Nel 1682 Sabine De Barra, che lavora come paesaggista nei giardini e nelle campagne francesi, riceve un invito inatteso dall’artista di corte del Re Sole, André Le Notre: realizzare uno dei giardini principali del nuovo Palazzo di Versailles. Nel periodo concessole per costruire la sala da ballo all’aperto di Rockwork Grove, Sabine ha modo di sperimentare e conoscere da vicino le piccole e grandi rivalità di corte e di addentrarsi nell’intricata rete di regole ed etichette. Mentre tenta di fare i conti con una tragedia che riemerge prepotentemente dal passato, la donna riesce a superare le barriere sociali e a entrare addirittura in contatto con il Re, mentre il rapporto personale con André le regalerà comprensione, creatività e appagamento.

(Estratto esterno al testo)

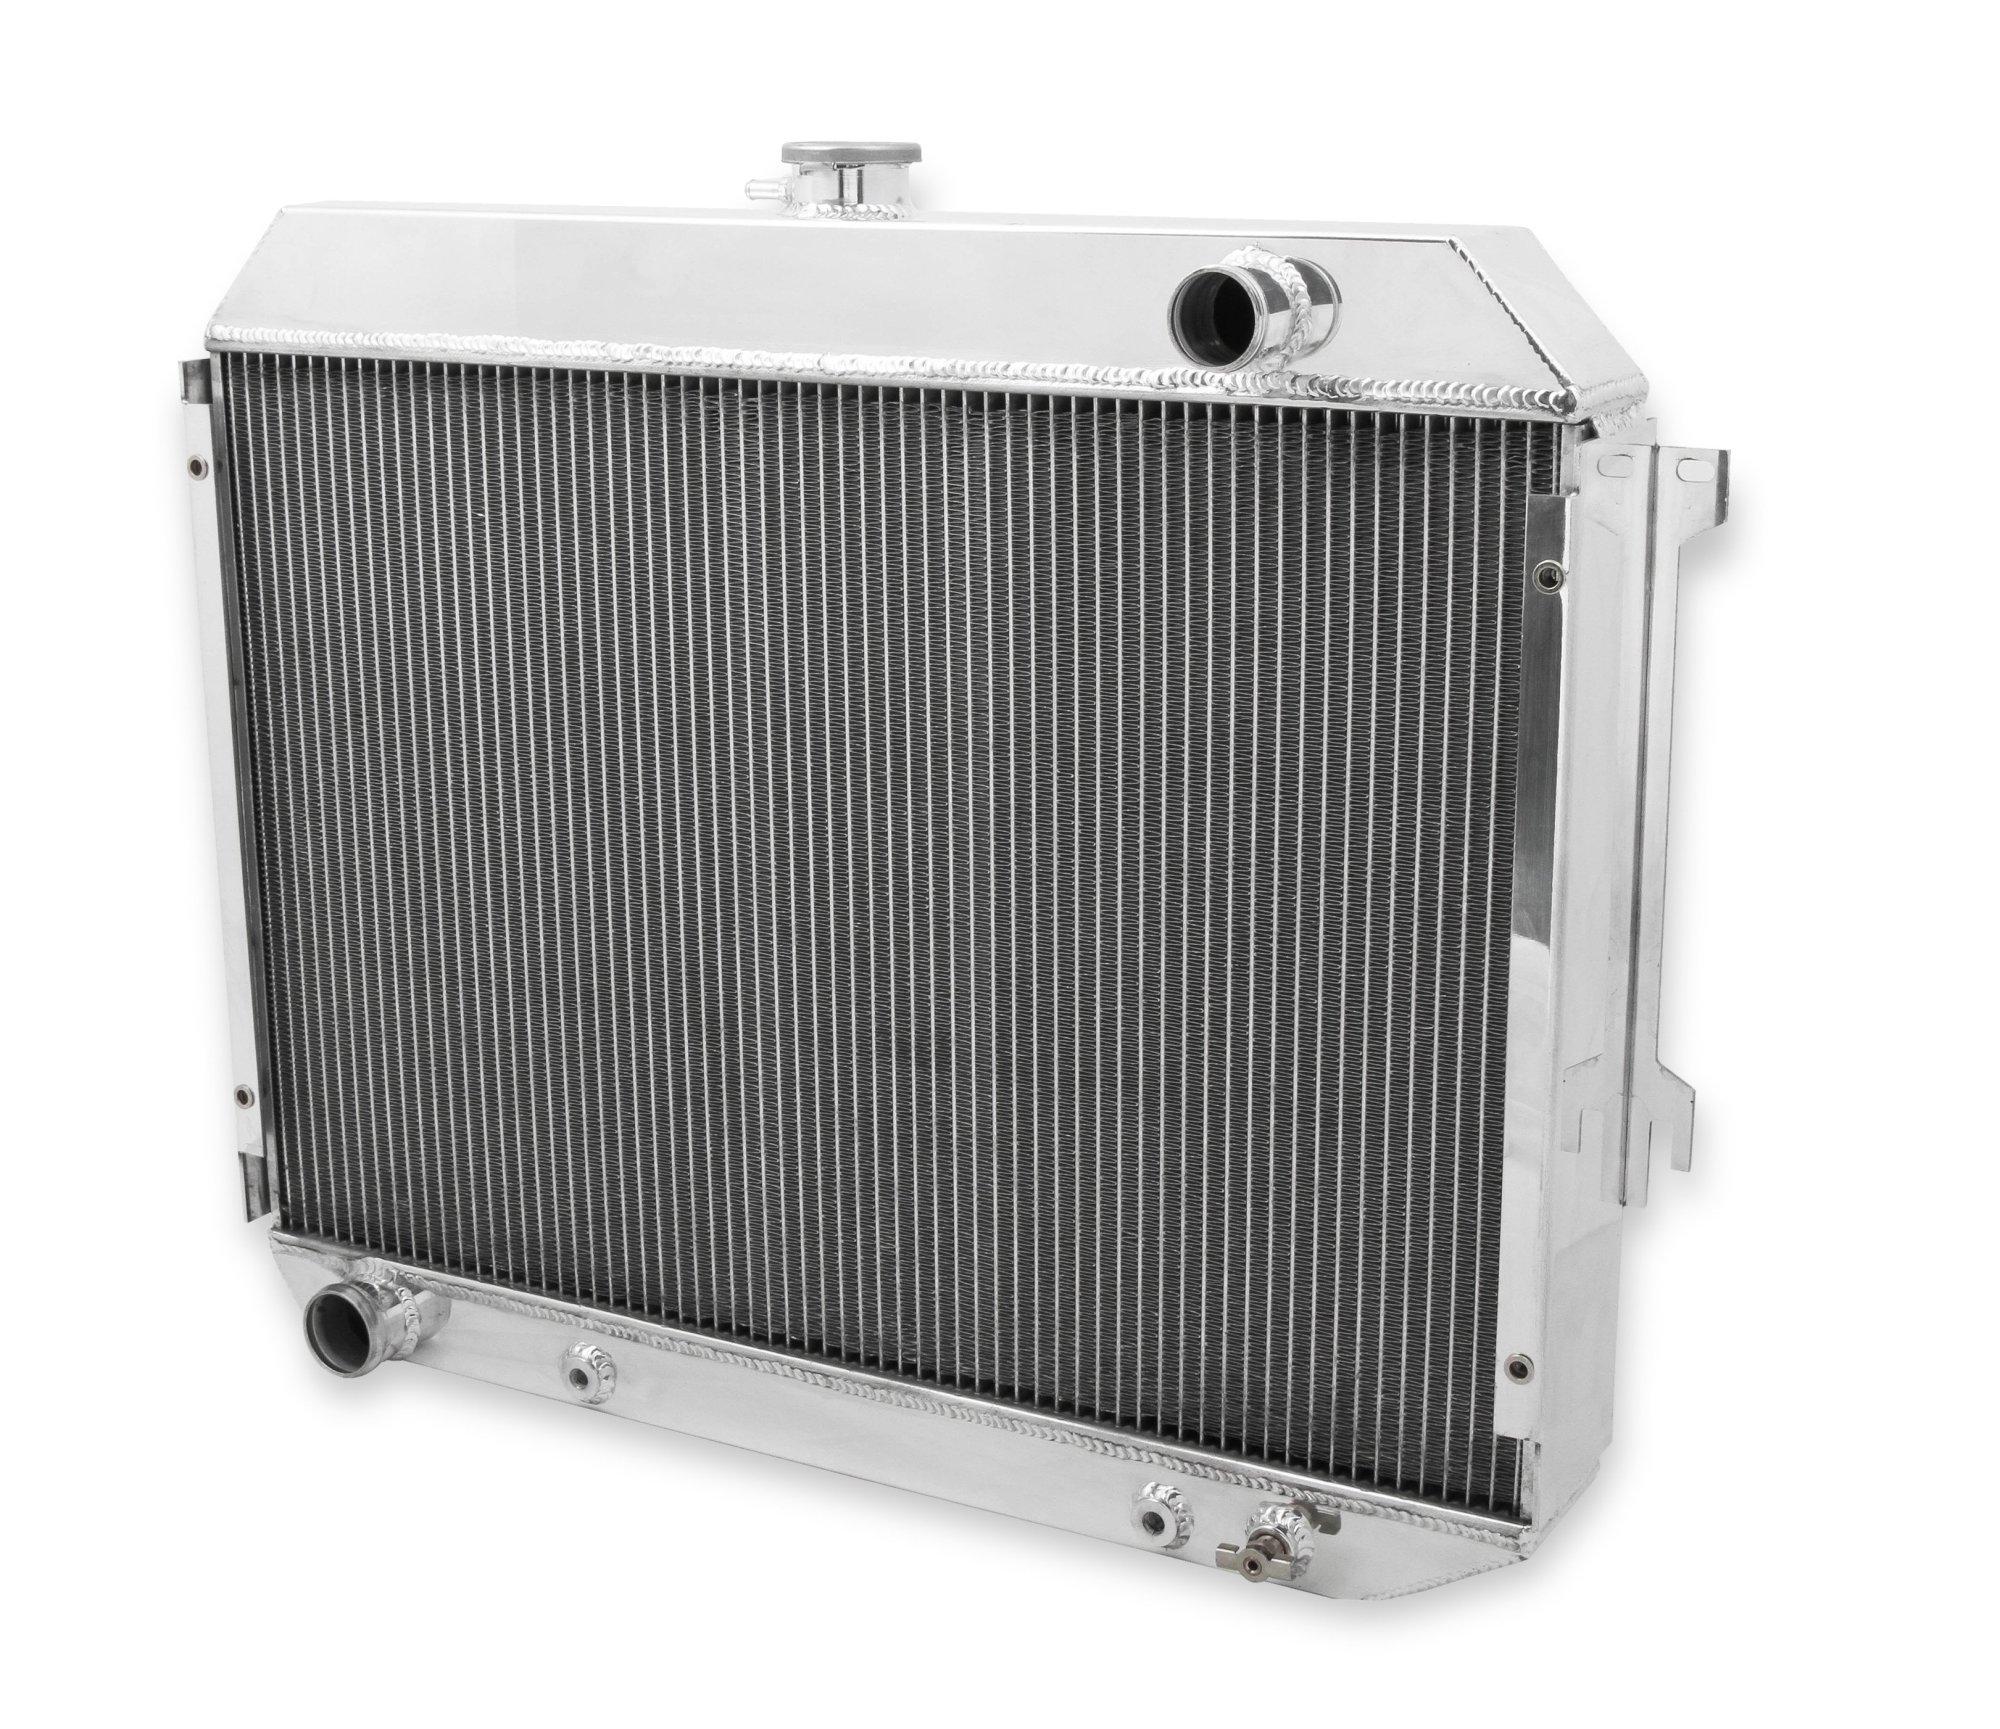 hight resolution of fb158 frostbite aluminum radiator 4 row image

Una volta lo si sarebbe definito un “film per signore”, che non costituisce una categoria estetica, ma serve per far capire tono e ambientazione, stile e atmosfere. Di impianto teatrale, interpretato da un ottimo cast di attori di lingua inglese impegnati a vestire nella maniera più credibile possibile i panni di personaggi francesi alla corte di Re Sole, l’opera seconda di   Alan Rickman è un piccolo film che ricostruisce Versailles in Inghilterra e che attorno alla figura di una talentuosa donna architetto, pronta a rinunciare ad eleganti corsetti e a sporcarsi le mani con il proprio lavoro, orchestra un dramma sociale che parla di riscatto, creatività e affermazione. Nobile d’animo e pura di cuore, Sabine riuscirà a far breccia nel cuore del Re Sole, stanco – secondo la versione di Rickman che lo interpreta – delle ipocrisie e delle meschinità della blasonata aristocrazia di corte. Gli sforzi della donna di affermarsi professionalmente animano la parte più interessante del film, mentre i suoi fantasmi del passato costituiscono un’inutile sottotesto e stridono con la leggerezza che il regista vorrebbe imprimere all’intera storia.